The next level of Drive Pilot (code-named Intelligent Drive) featured on the 2017 E-Class enables the car to negotiate bends on the motorway, while maintaining a safe distance from slower moving vehicles in front at up to speeds of 130 mph. The system is not a hands-free operation and an audible alert will prompt the driver into regaining control if the car detects their attention has wandered.
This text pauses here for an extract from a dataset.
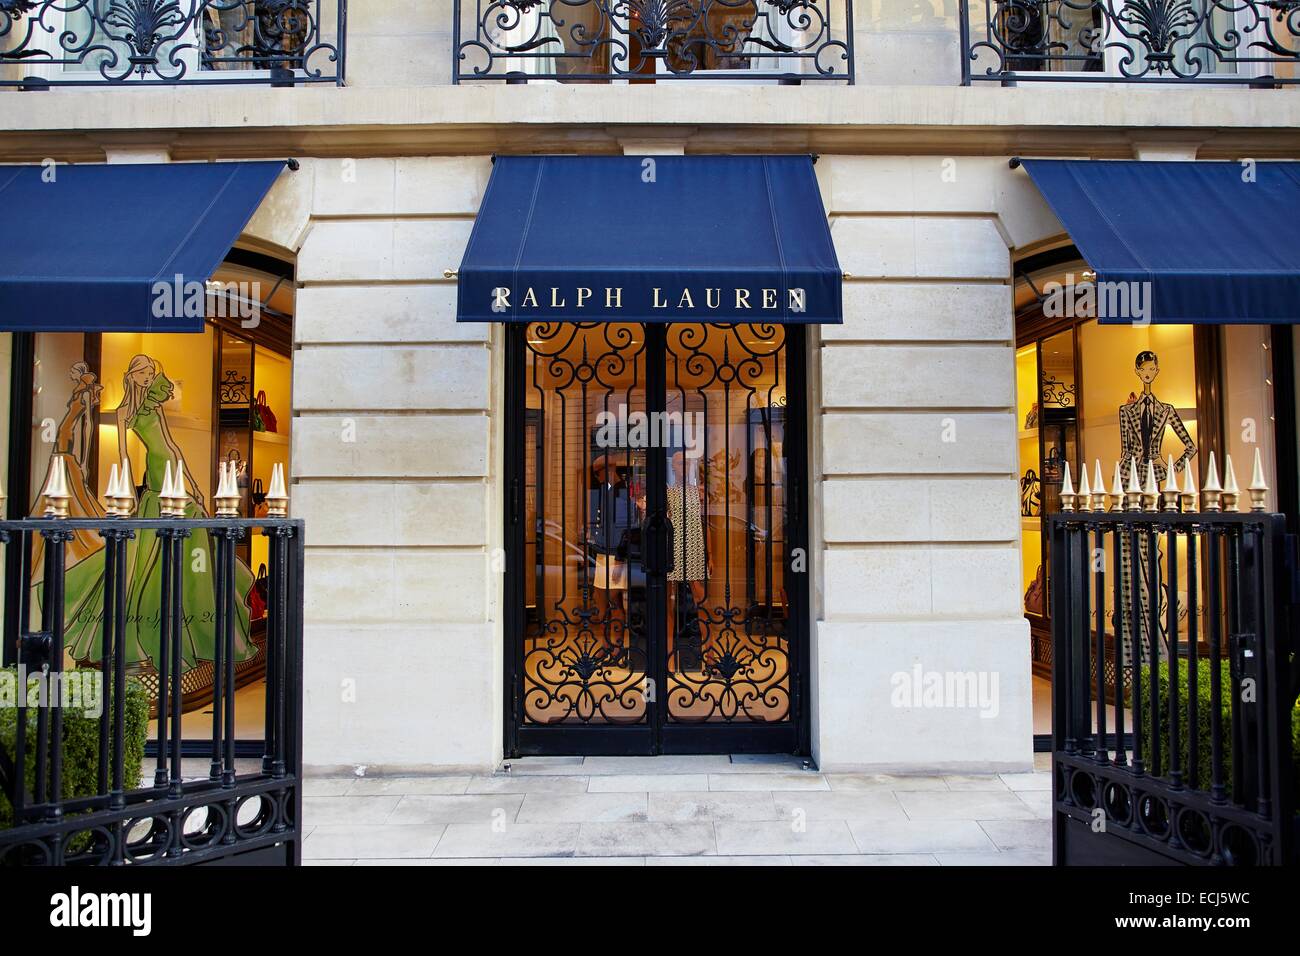 France, Paris, Luxury shops on Montaigne Avenue, Ralph Lauren Stock Photo -  Alamy

The Steering Pilot function uses visible road markings to navigate bends at speeds of up to 81 mph. The car is able to scan the surrounding area, as well as the car in front, if road markings are unclear to maintain lane discipline. The system is also able to automatically increase or decrease the E-Class's speed by reading speed limit signs if the driver fails to take any action.

=== Safety innovations ===
Active Brake Assist and Evasive Steering Assist work in tandem to warn of and prevent potential collisions in the 2017 E-Class. The first system now features increased functionality, able to provide visible warning of potential danger as well as being able to automatically apply the brakes in an emergency. The system is now also able to detect and analyze moving traffic at junctions ahead. Evasive Steering Assist can detect when a driver is making an evasive action and apply additional steering force to ensure the pedestrian or vehicle is avoided. Car-to-X Communication is another safety system which enables vehicles on the same road to warn each other of upcoming potential hazards or accidents.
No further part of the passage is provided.